In molecular biology, nucleotides are the basic building blocks of DNA. Each nucleotide consists of a nitrogenous base, a sugar molecule, and a phosphate group. The four types of nitrogenous bases found in DNA are adenine (A), cytosine (C), guanine (G), and thymine (T).

In our DNA toolkit, we define a `Nucleotides` list representing these four bases:

In [None]:
#DNA toolkit day 1
Nucleotides = ["A", "C", "G", "T"]


>Executing color codes to nucleotide bases

Let's add color codes to the sequences

In [None]:
# Adding color codes to sequences
def colored(seq):
    basecolors = {
        'A': '\033[92m',  # green
        'C': '\033[94m',  # blue
        'G': '\033[93m',  # yellow
        'T': '\033[91m',  # red
        'U': '\033[91m',  # red for RNA
        'reset': '\033[0m' # reset to default color
    }
    colored_seq = ""
    for nuc in seq:
        if nuc in basecolors:
            colored_seq += basecolors[nuc] + nuc
        else:
            colored_seq += basecolors['reset'] + nuc
    return colored_seq
dna_string = "CGGGGTGACCCTTGTAGCGGACCCCGACGCGGCGGCAACCCCCCGCTTCTGCCTCTGGGGGAGGAAAGCGTCGGC"
print(colored(dna_string))

> **DNA seq Validation**

We've implemented a function called `validatesequence` to validate the integrity of DNA sequences. The function takes a DNA sequence as input and ensures that it contains only valid nucleotides (A, C, G, T). The validation is case-insensitive, as the sequence is converted to uppercase before processing.

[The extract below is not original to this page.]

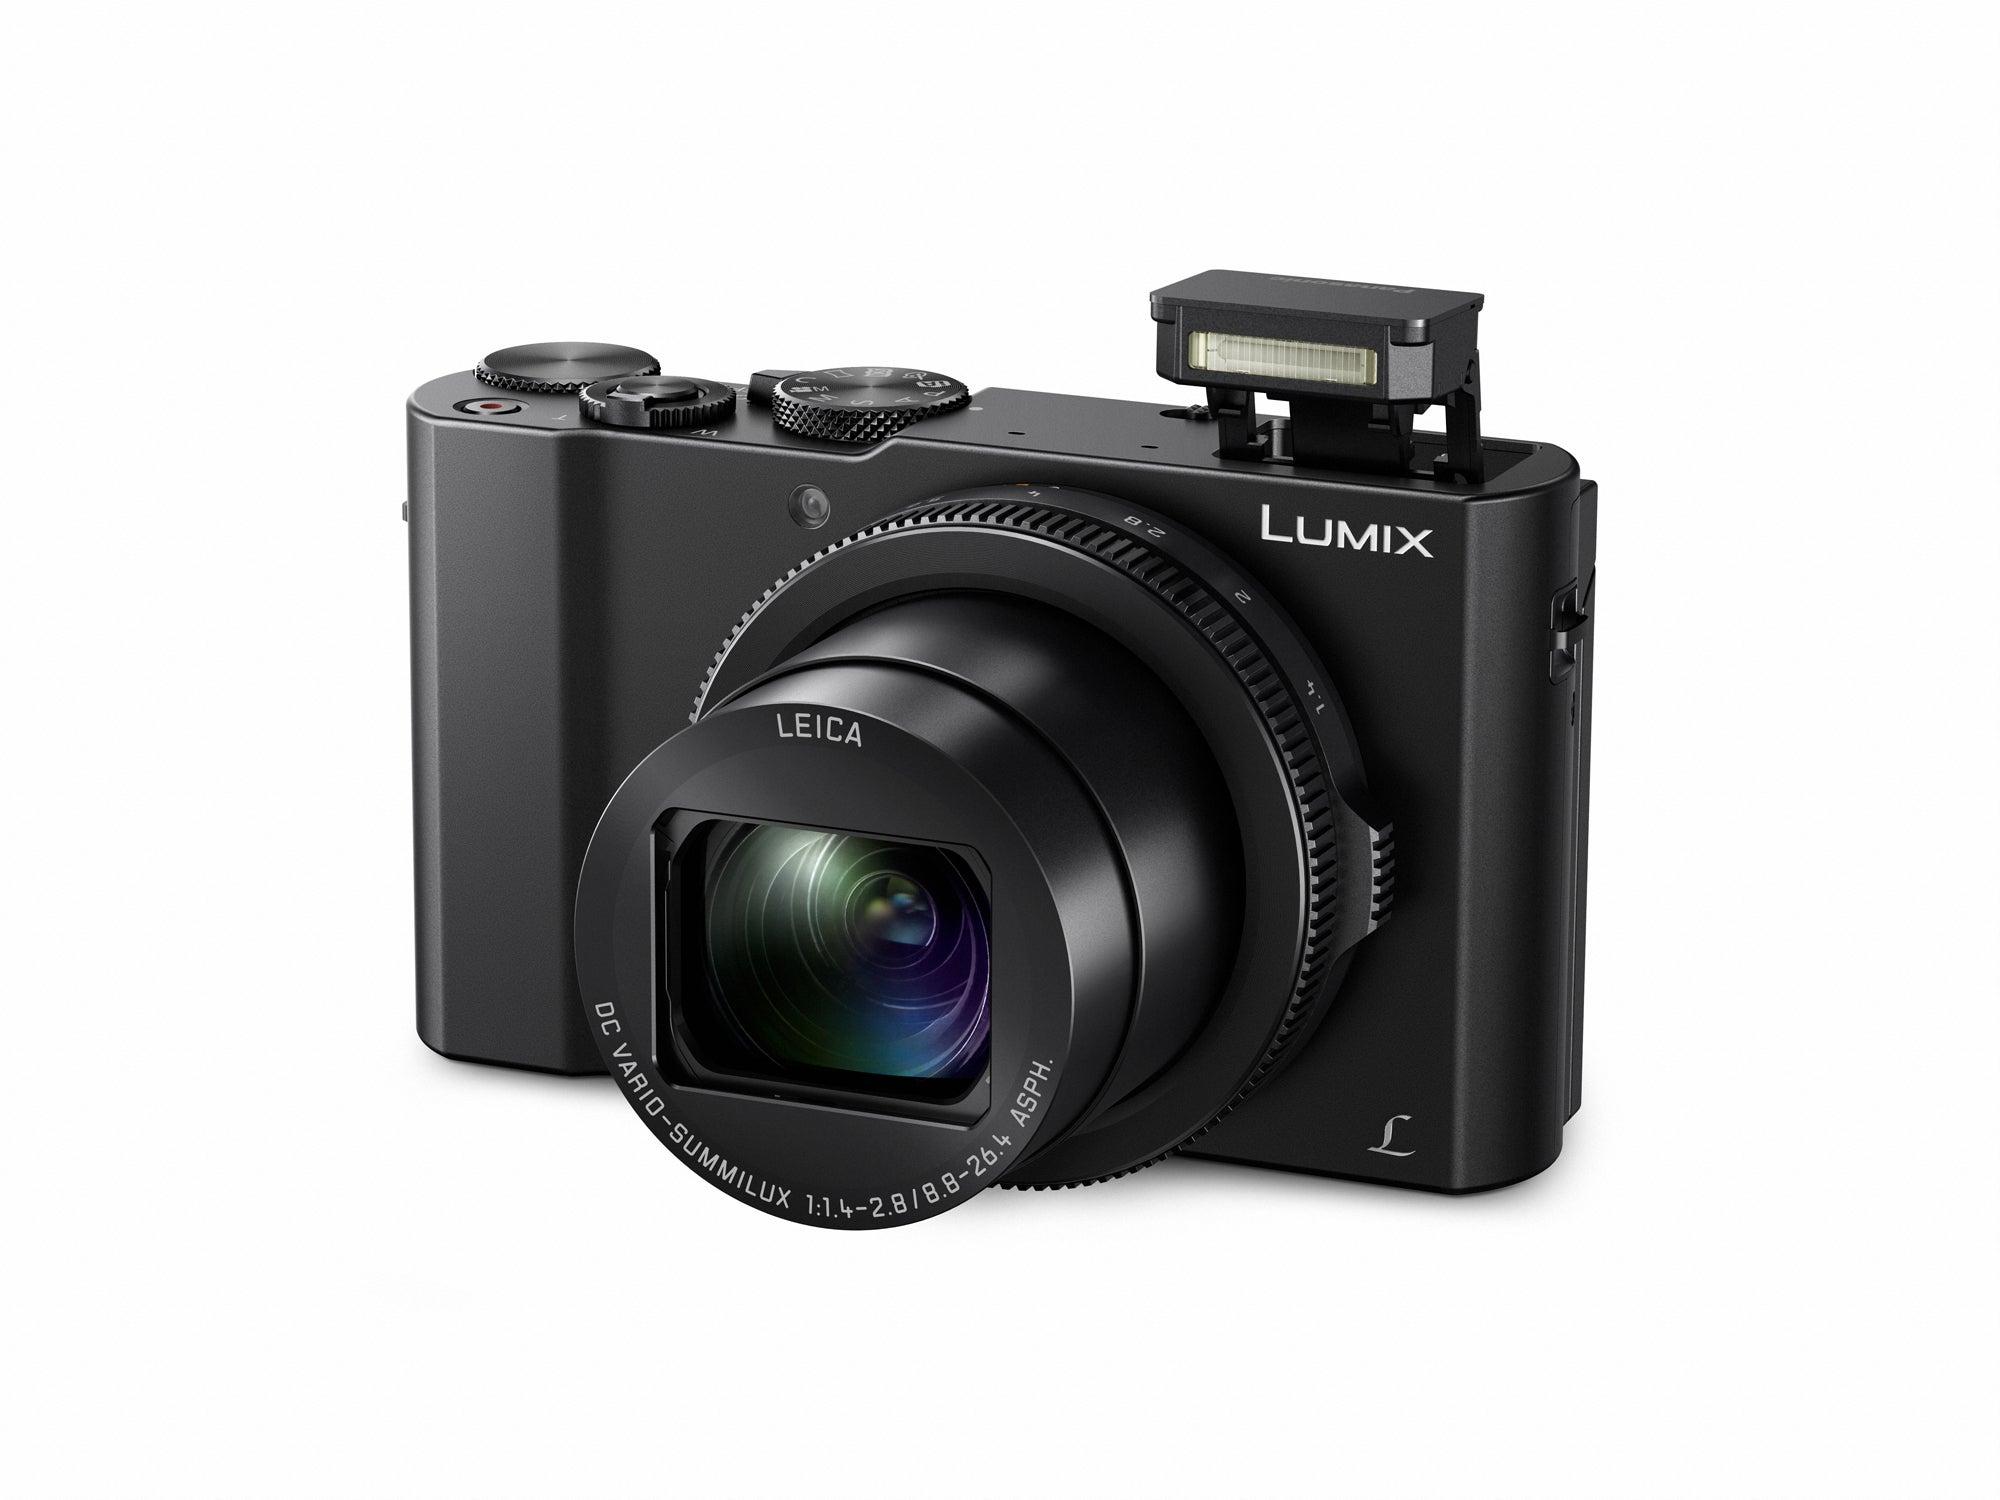 New Gear: Panasonic Lumix LX15 with 1-inch Sensor and f/1.4 Leica DC Vario-Summilux Lens

### Function: `validatesequence(dna_seq: str) -> bool`

This function returns `tmpseq (the desired dna sequence)' if the input DNA sequence is valid and contains only nucleotides from the predefined `Nucleotides` list. Otherwise, it returns `False`.

#### Parameters:
- `dna_seq` (str): The input DNA sequence to be validated.


In [None]:
def validatesequence(dna_seq):
    tmpseq = dna_seq.upper()
    for nuc_base in tmpseq:
        if nuc_base not in Nucleotides:
            return False
        return tmpseq


> **Testing**

The validatesequence function is applied to the DNA sequence "ATTGGCCTA". Let's break down the process:

The DNA sequence is converted to uppercase ("attggccta" → "ATTGGCCTA").
The function iterates through each nucleotide in the sequence.
If any character is not found in the predefined Nucleotides list (["A", "C", "G", "T"]), the function returns False.
If the iteration completes without finding invalid nucleotides, the function returns True, indicating that the sequence is valid.
In this specific example, the output is True, indicating that "ATTGGCCTA" is a valid DNA sequence.

In [None]:

## Validating a New DNA Sequence
newDNA_string = "ATTGGCCTA"
print(colored(validatesequence(newDNA_string)))

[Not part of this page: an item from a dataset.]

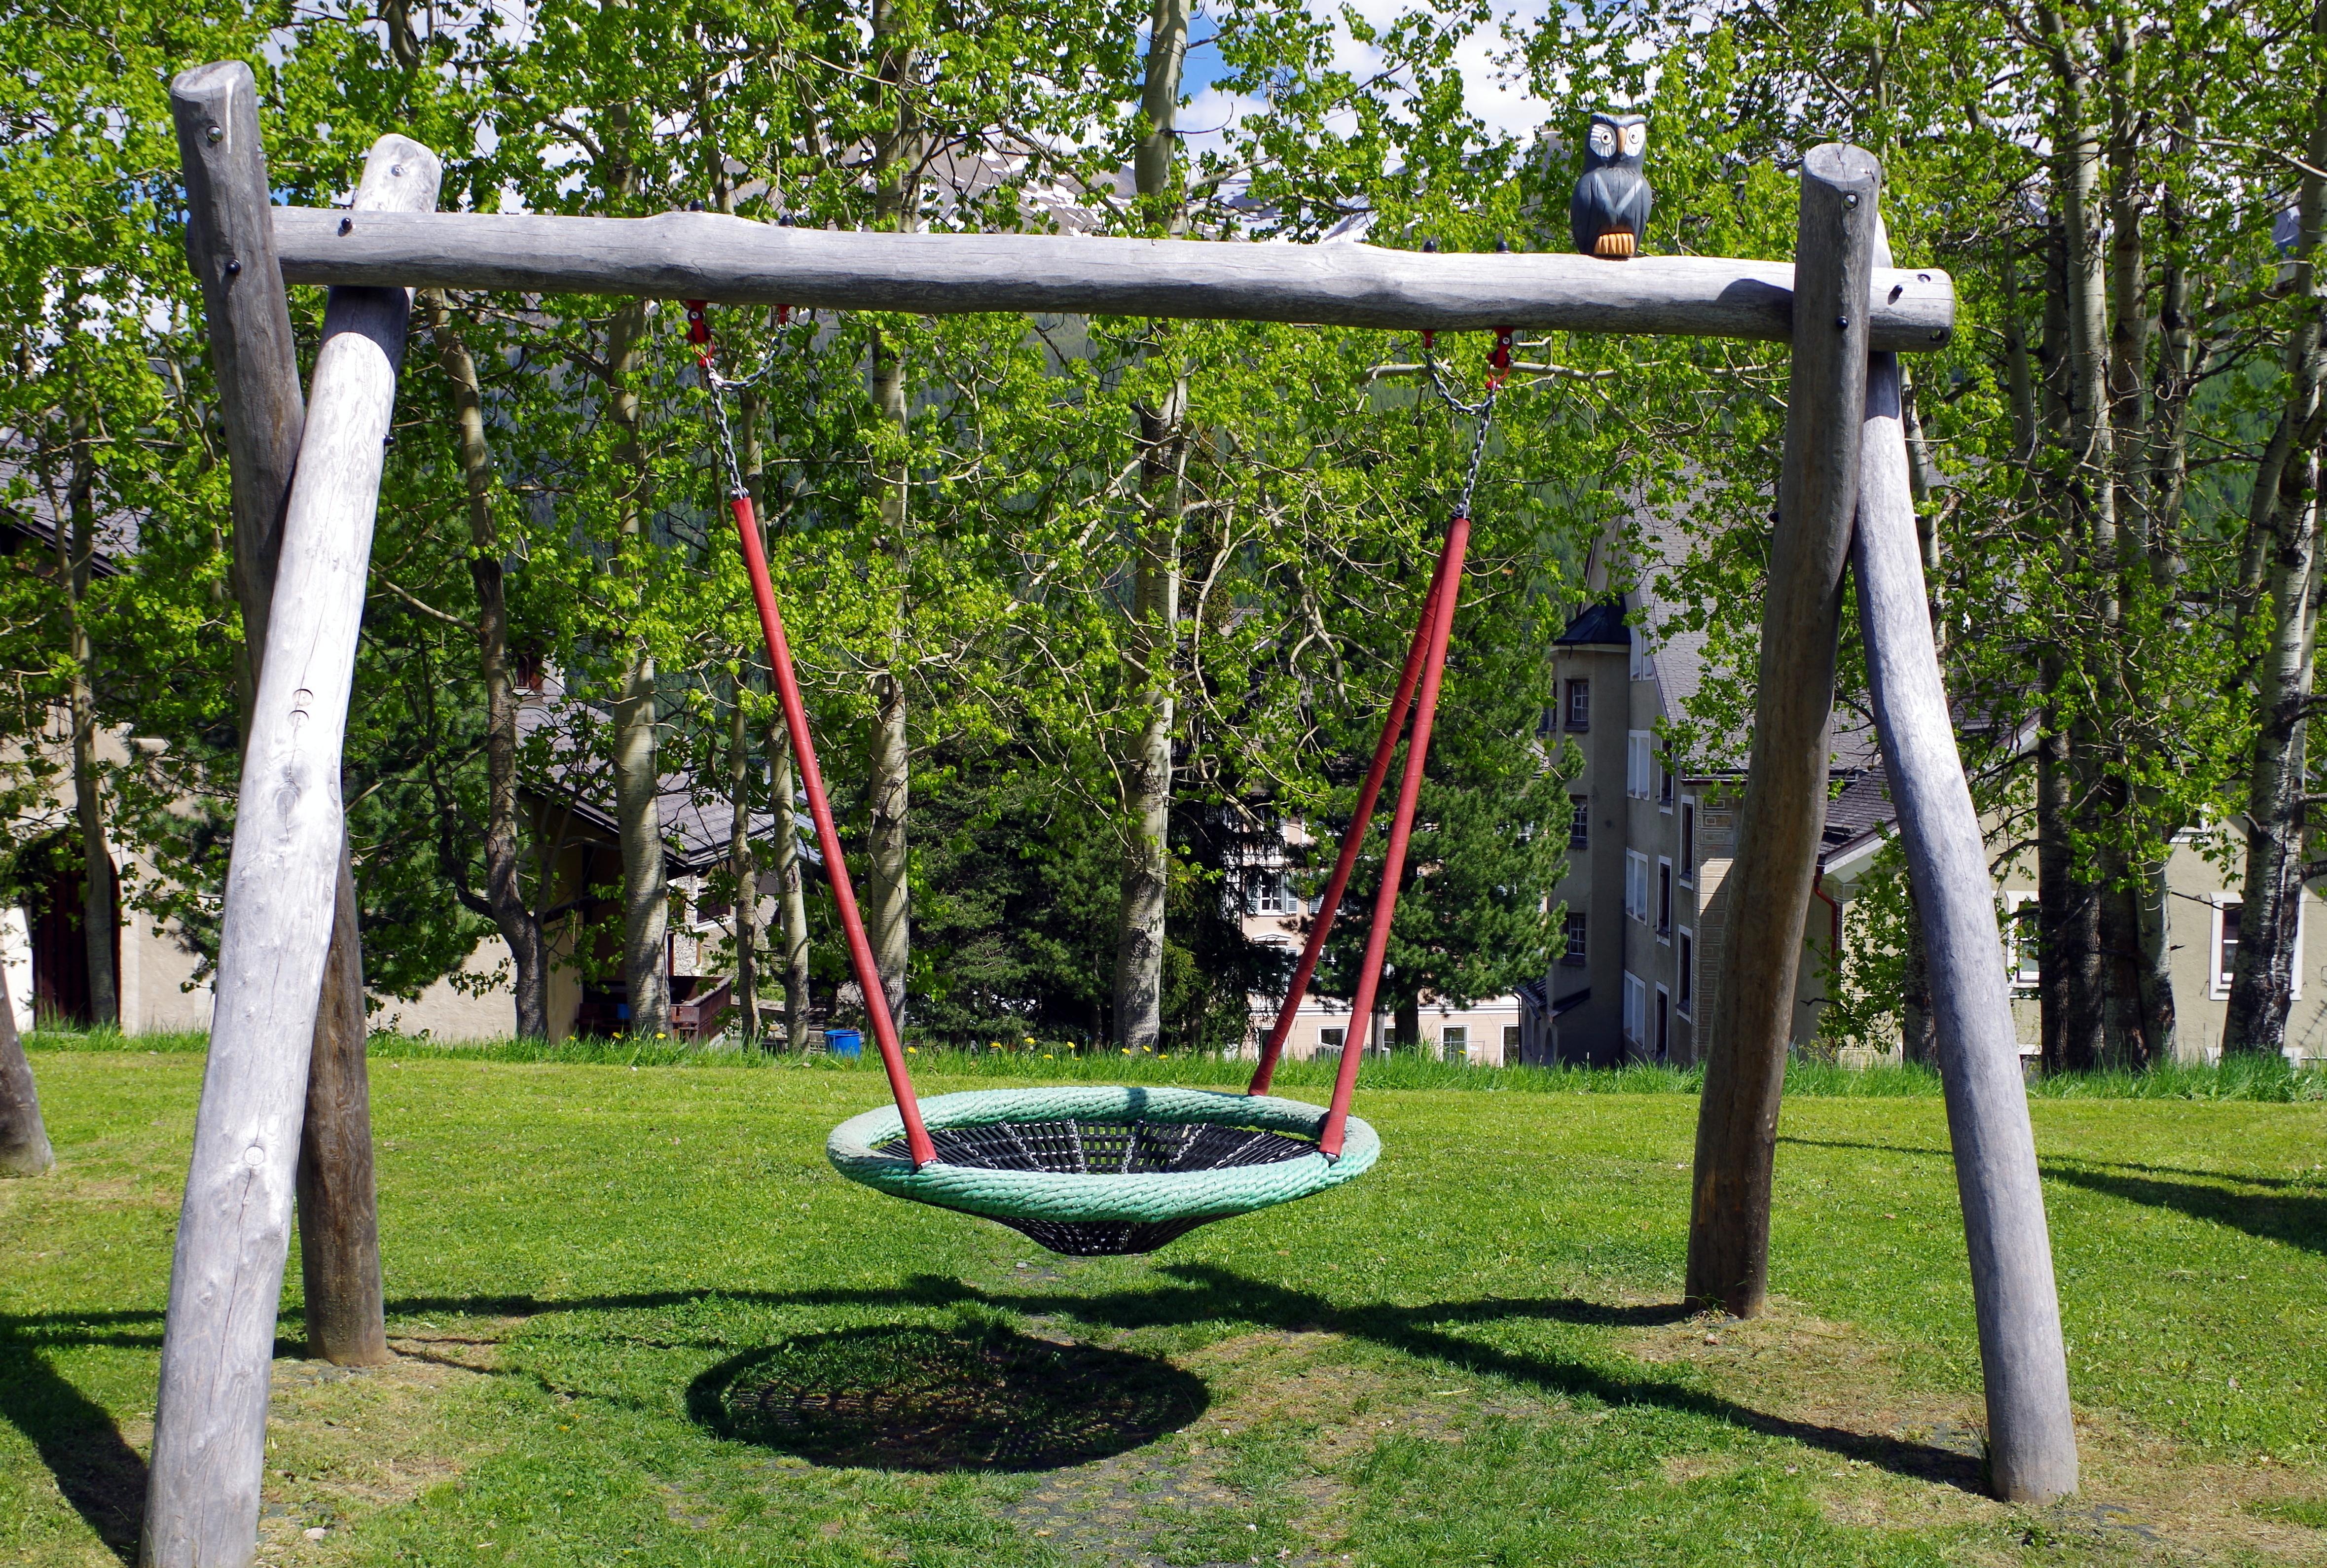 Kinderspielplatz Eulalia Slide 5

The validatesequence function, as defined in the previous code snippets, converts the input sequence to uppercase and checks if each character is present in the Nucleotides list (["A", "C", "G", "T"]). If any character is not found in this list, the function returns False.

In [None]:
## testing with a different sequence
testDNA_string = "MLBRDQ"
print(validatesequence(testDNA_string))

We use the **random module** to generate a random DNA sequence of length 16. The **random.choice(Nucleotides)** expression is used to randomly select a nucleotide from the predefined Nucleotides list (**["A", "C", "G", "T"]**), and this process is repeated 16 times to form the random sequence.


In [None]:
import random
random_dna_string = ''.join([random.choice(Nucleotides)
                            for nuc in range(16)])
print(colored(validatesequence(random_dna_string)))


In [None]:
import random
random_dna_string = ''.join([random.choice(Nucleotides)
                            for nuc in range(16)])
print(colored(validatesequence(random_dna_string)))

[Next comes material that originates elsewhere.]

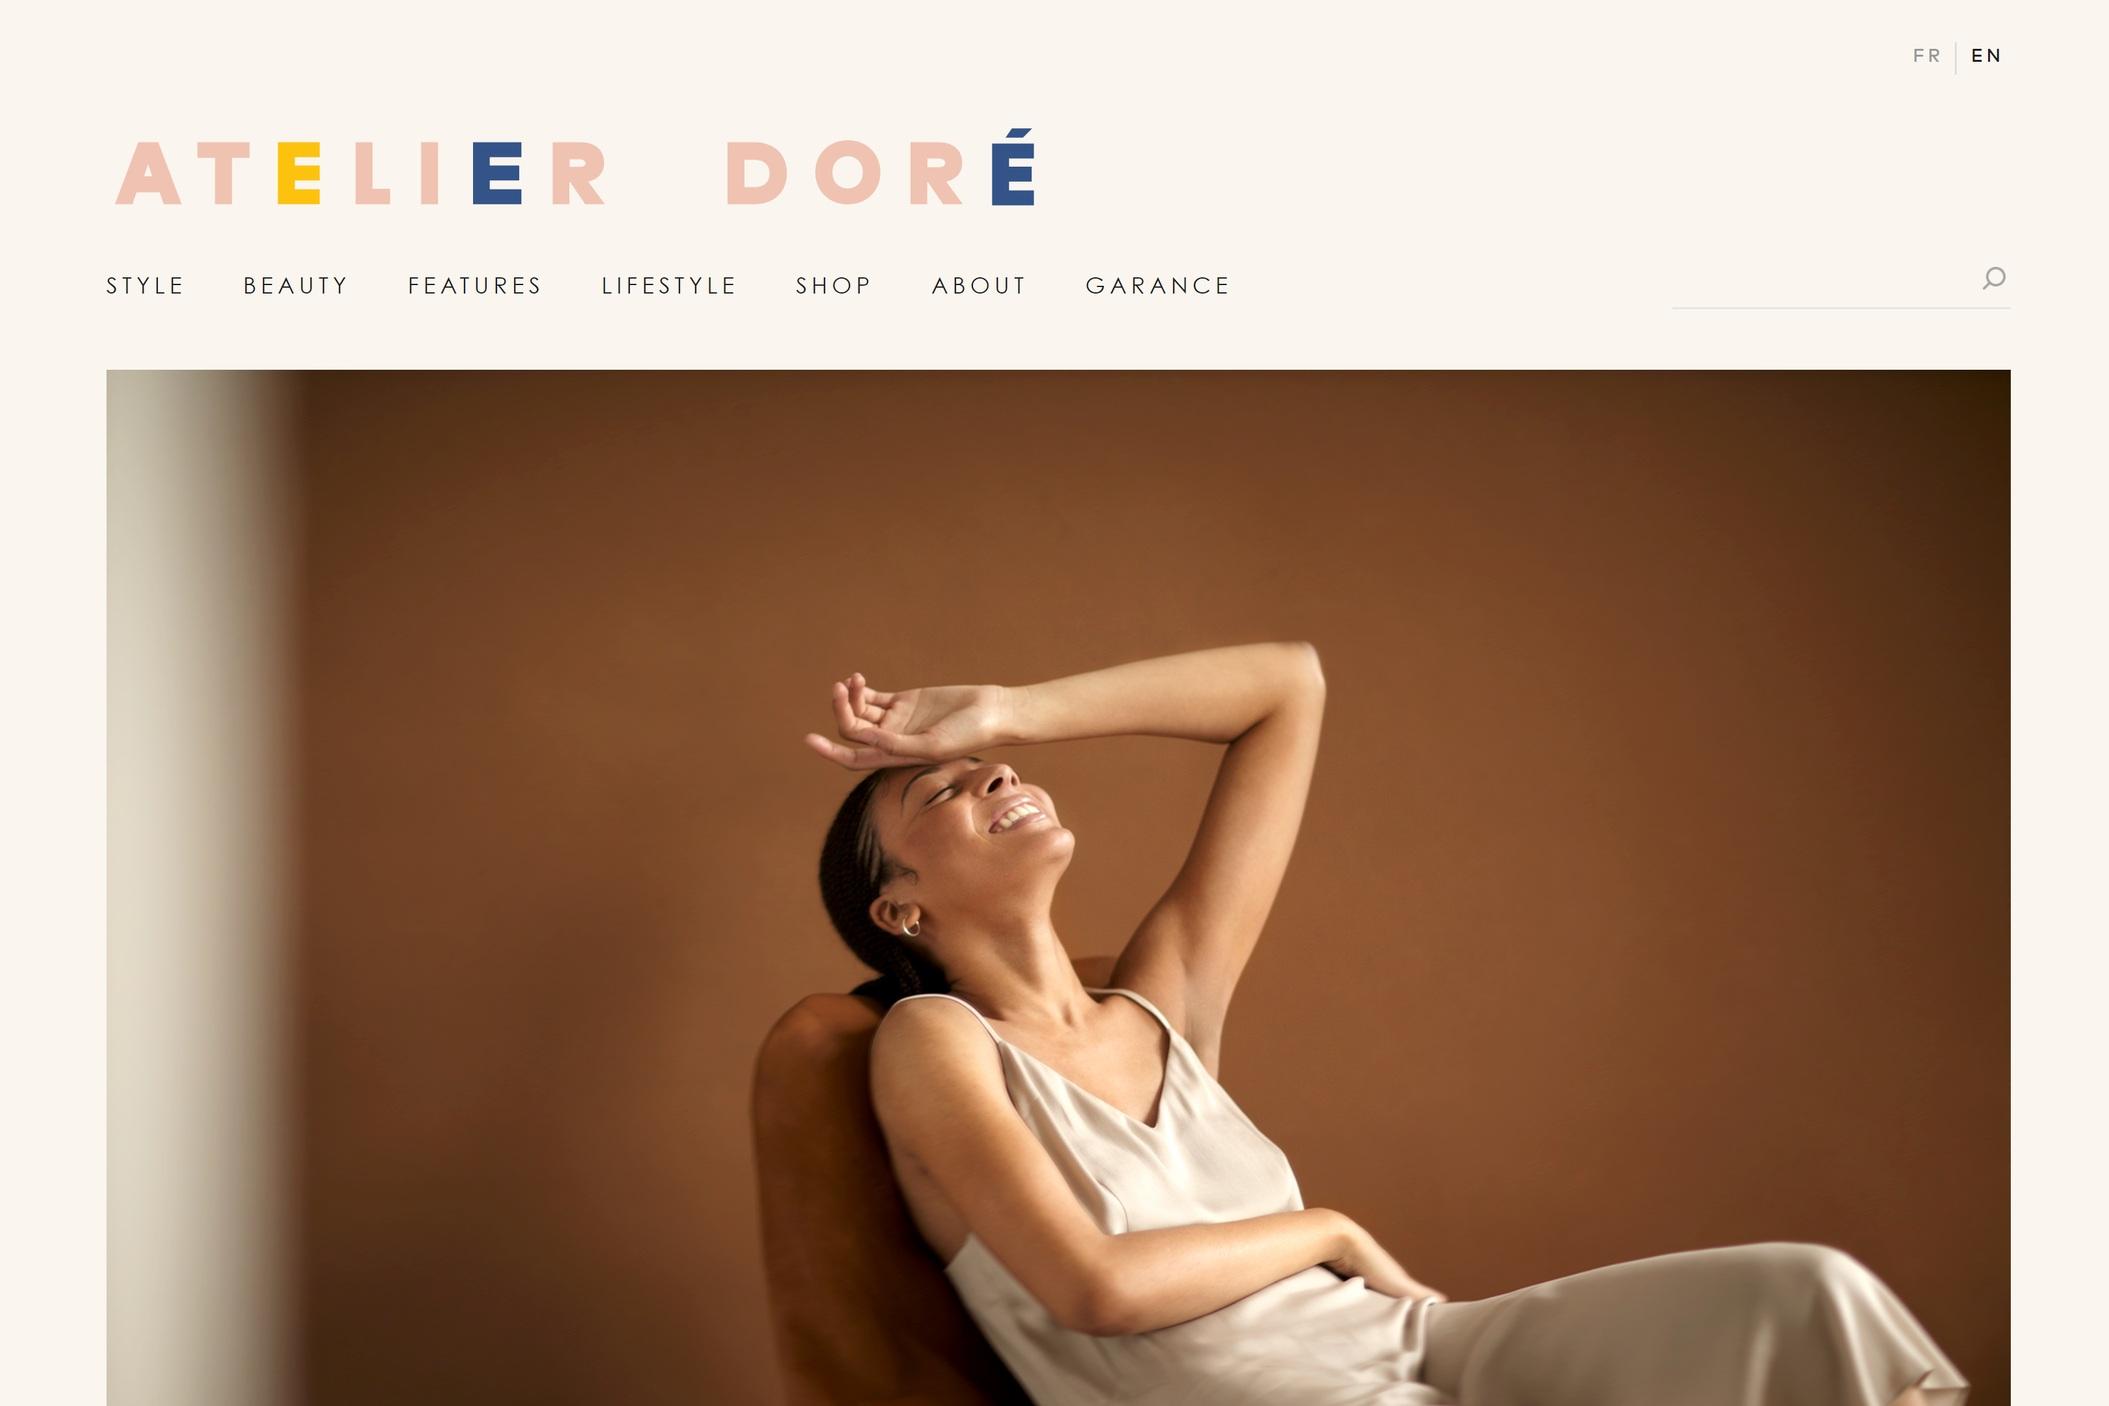 Atelier Dore - Best Lifestyle Website

> **DNA sequence Counting**

The **countfrequencyNuc** function initializes a dictionary **tempdictionary_Freq** to store the count of each nucleotide.
It iterates through each nucleotide in the given DNA sequence (seq) and increments the corresponding count in the dictionary.

In [None]:
import random

def countfrequencyNuc(seq):
    tempdictionary_Freq = {"A": 0, "C": 0, "G": 0, "T": 0}
    for Nuc in seq:
        tempdictionary_Freq[Nuc] += 1
    return tempdictionary_Freq

# Generating a random DNA string for testing
random_dna_string = ''.join(random.choice("ACGT") for _ in range(26))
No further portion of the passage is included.